Re: keep alive connections
On Fri, 7 Nov 2003, Hrvoje Niksic wrote: > Persistent connections were available prior to HTTP/1.1, although they were > not universally implemented. Wget uses the `Keep-Alive' request header to > request persistent connections, and understands both the HTTP/1.0 > `Keep-Alive' and the HTTP/1.1 `Connection: keep-alive' response header.
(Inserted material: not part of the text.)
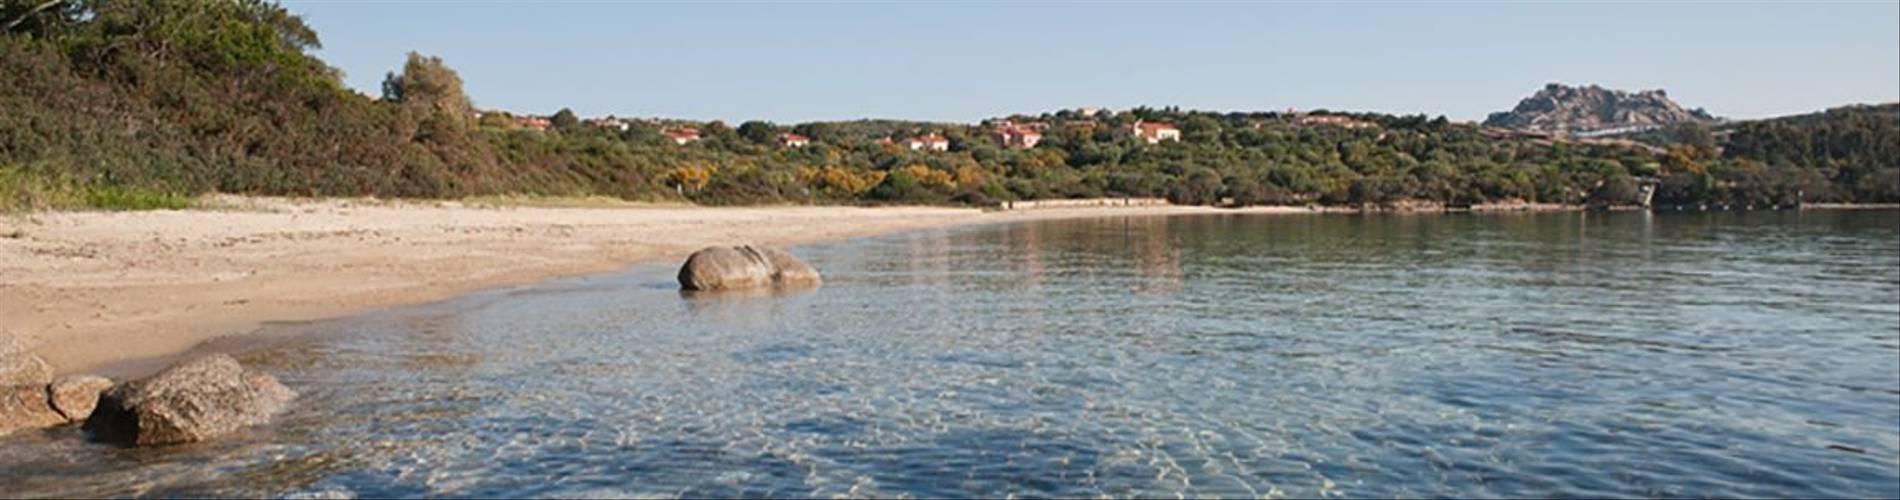 Le Saline, Sardinia, Italy (2).jpg
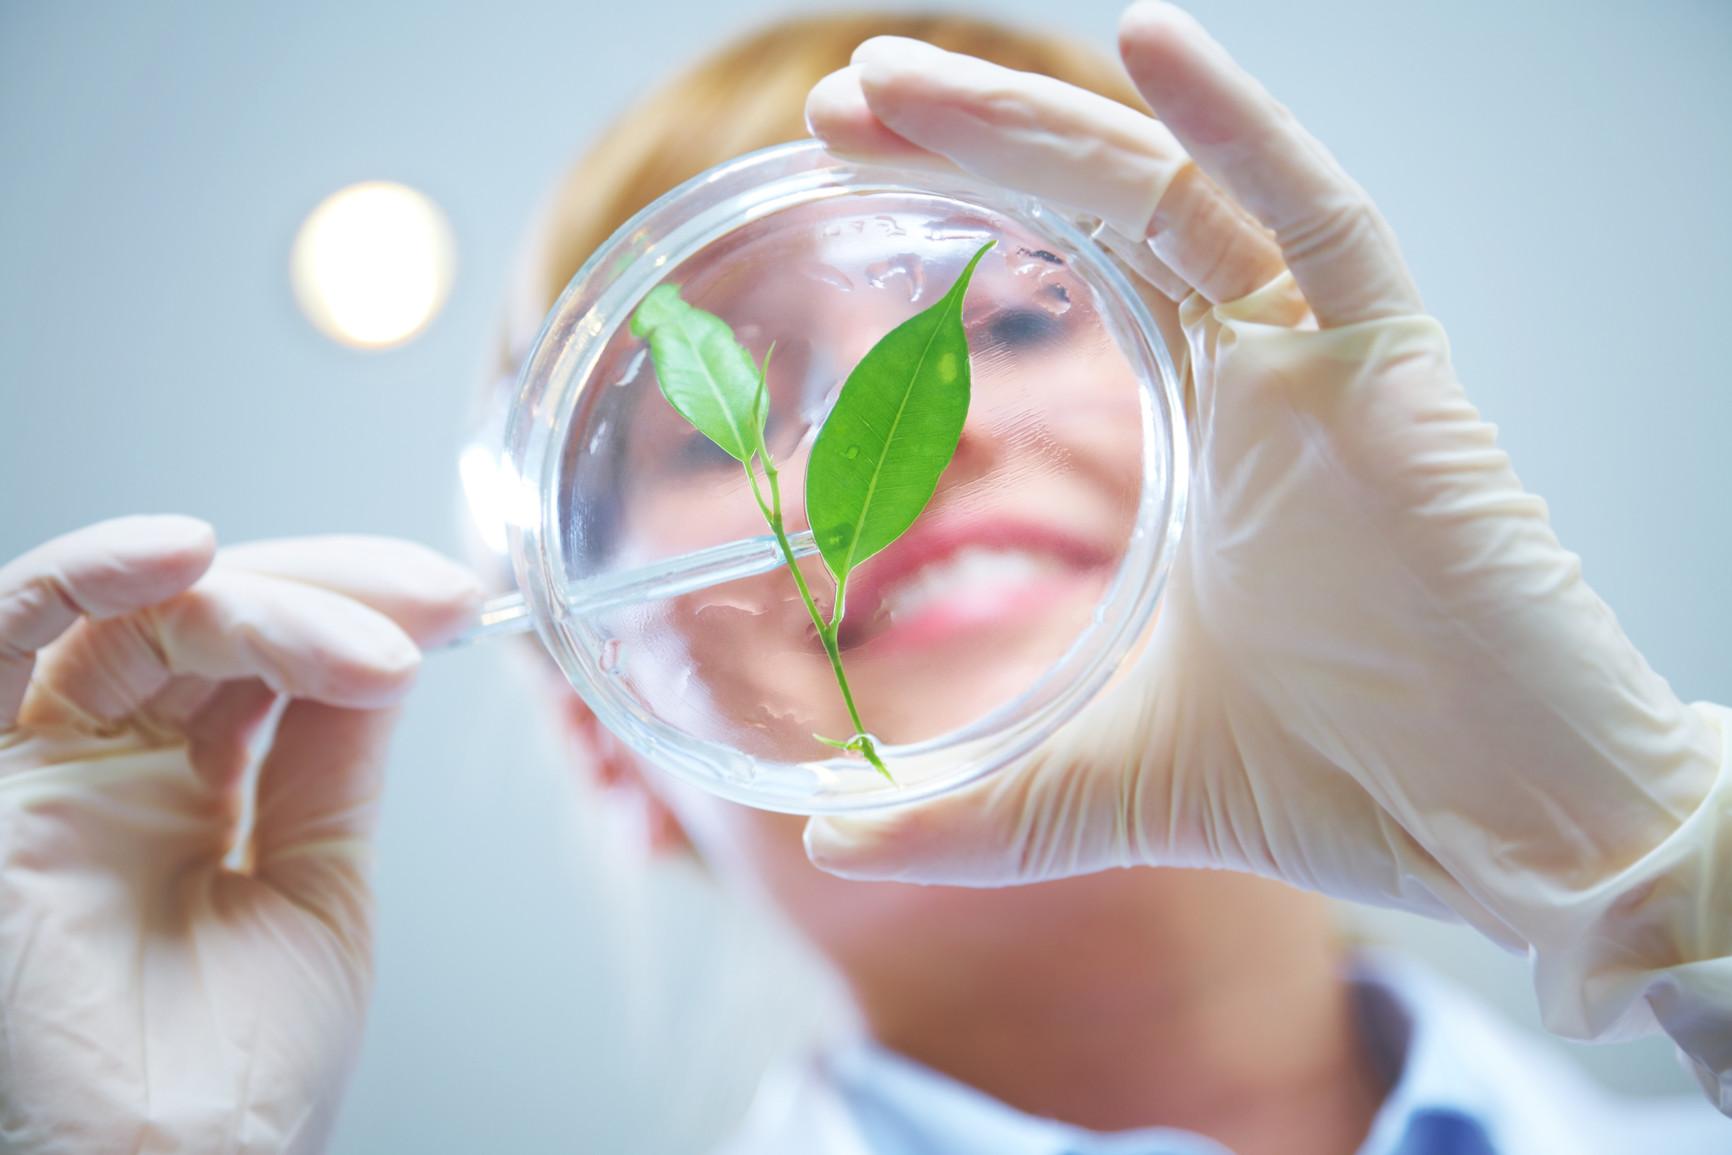 Sharps_Solutions_Medical_Waste_Management_California_Biohazard_Biotech_Life_Sciences_Waste_Disposal_Osha_Compliance_SanMateo_SanFrancisco_ Alameda_Sacramento_SantaCruz_DelNorte_LosAngeles_NoContacts

HTTP 1.1 servers don't (normally) use "Connection: keep-alive". Since 1.1 assumes persistant connections by default they only send "Connection: close" if they aren't. -- -=- Daniel Stenberg -=- http://daniel.haxx.se -=- ech`echo xiun|tr nu oc|sed 'sx\([sx]\)\([xoi]\)xo un\2\1 is xg'`ol
Re: keep alive connections
Laura Worthington <[EMAIL PROTECTED]> writes: > When I have been testing with wget, wget requests a keep alive > connection, but the responses it receives say "connection close". > > So, it does exactly this...it creates a socket, closes it, reopens > it with the next URL `Connection: close' means that the server will close the connection after the request, i.e. that it has chosen to disregard Wget's keep-alive request. That happens with some servers. > Is it possible to force the situation where you open a connection, > and it doesn't close until completion? You cannot force the server not to close a connection, but if the server cooperates, that's exactly what happens. For example: $ ./wget http://www.apache.org http://www.apache.org/foundation/ --00:53:42-- http://www.apache.org/ ... Resolving www.apache.org... 209.237.227.195 ... --00:53:44-- http://www.apache.org/foundation/ ... Reusing connection to www.apache.org:80. ... Wget has kept the connection to www.apache.org and is reusing it. That can even work for multiple virtual hosts, as long as they share a network interface. For example: $ wget www.apache.org httpd.apache.org --00:50:38-- http://www.apache.org/ ... Connecting to www.apache.org|209.237.227.195|:80... connected. ... --00:50:40-- http://httpd.apache.org/ ... Reusing connection to httpd.apache.org:80. ... In this case, Wget has figured out that `www.apache.org' and `httpd.apache.org' are one and the same and that it doesn't need to reconnect to the same IP address. > Example: > Can I do something where > > wget www.yahoo.com weather.yahoo.com > > reuses the connection between these two URL's? Those two hosts have different IP addresses, so they cannot share a connection. > Do you have an idea of when HTTP 1.1 support will be available? It might be there for the 1.10 release, but I can't guarantee that.
Re: keep alive connections
Laura Worthington <[EMAIL PROTECTED]> writes: > I am confused as to how wget supports keep alive. I am using 1.8.2. > Persistent connections are part of HTTP 1.1, but wget is using HTTP > 1.0. Persistent connections were available prior to HTTP/1.1, although they were not universally implemented. Wget uses the `Keep-Alive' request header to request persistent connections, and understands both the HTTP/1.0 `Keep-Alive' and the HTTP/1.1 `Connection: keep-alive' response header. Most servers support both styles of persistent connections because HTTP/1.0 clients were in extremely wide use when those servers were designed and implemented. (This is the case with Apache, but probably also with IIS and other major players in the field.) A new generation of servers might be expected to only support persistent connections when talking to HTTP/1.1 clients, but then again Wget will get HTTP/1.1 support at some point too.